Here are two ways. The first way creates dimnames for the matrix about to be created and then strings out the data into a matrix, transposes it and converts it to data frame. The second way creates a by list consisting of year and month variables and uses tapply on that later converting to data frame and adding names.
# create test data
set.seed(123)
tt <- ts(rnorm(12*5, 17, 8), start=c(1981,1), frequency = 12)
1) matrix. This solution requires that we have whole consecutive years
dmn <- list(month.abb, unique(floor(time(tt))))
as.data.frame(t(matrix(tt, 12, dimnames = dmn)))
If we don’t care about the nice names it is just as.data.frame(t(matrix(tt, 12))) .
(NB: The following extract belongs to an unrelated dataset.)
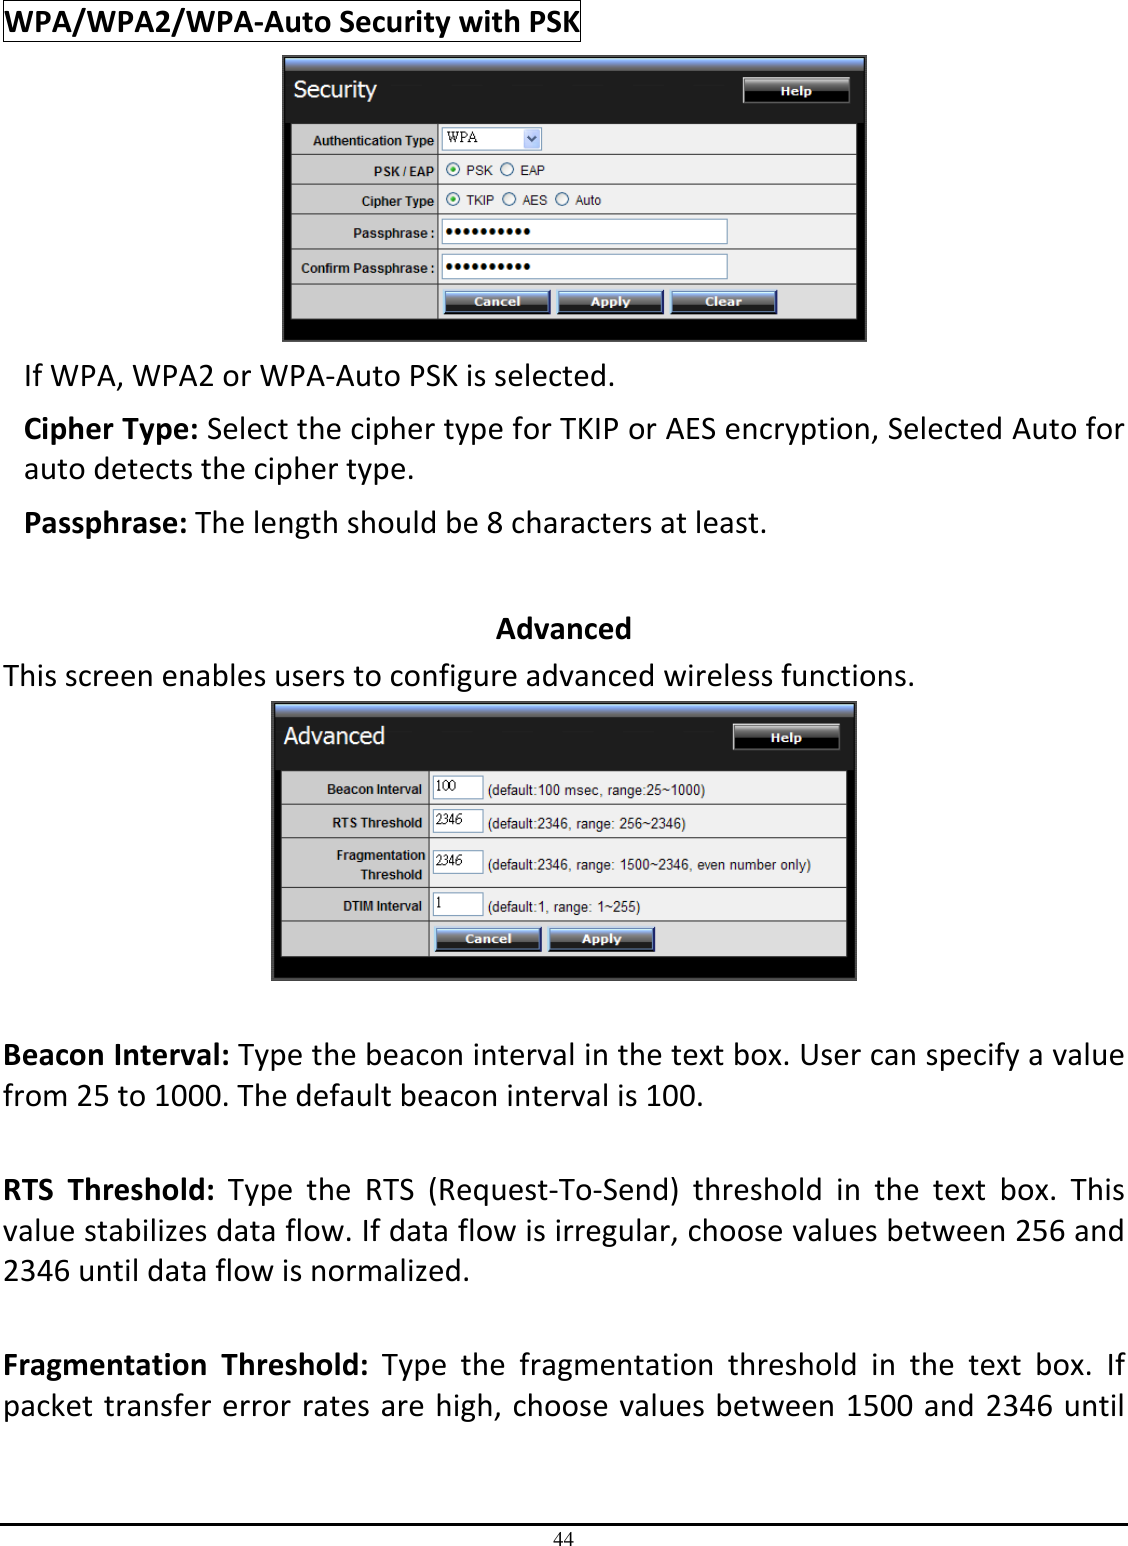 44 WPA/WPA2/WPA-Auto Security with PSK  If WPA, WPA2 or WPA-Auto PSK is selected. Cipher Type: Select the cipher type for TKIP or AES encryption, Selected Auto for auto detects the cipher type.  Passphrase: The length should be 8 characters at least.   Advanced This screen enables users to configure advanced wireless functions.   Beacon Interval: Type the beacon interval in the text box. User can specify a value from 25 to 1000. The default beacon interval is 100.  RTS  Threshold:  Type  the  RTS  (Request-To-Send)  threshold  in  the  text  box.  This value stabilizes data flow. If data flow is irregular, choose values between 256 and 2346 until data flow is normalized.  Fragmentation  Threshold:  Type  the  fragmentation  threshold  in  the  text  box.  If packet transfer error rates are high, choose values between 1500 and 2346 until

We could replace the dmn<- line with the following simpler line using @thelatemail’s comment:
dmn <- dimnames(.preformat.ts(tt))
2) tapply. A more general solution using tapply is the following:
Month <- factor(cycle(tt), levels = 1:12, labels = month.abb)
tapply(tt, list(year = floor(time(tt)), month = Month), c)
Note: To invert this suppose X is any of the solutions above. Then try:
ts(c(t(X)), start = 1981, freq = 12)
Update
Improvement motivated by comments of @latemail below.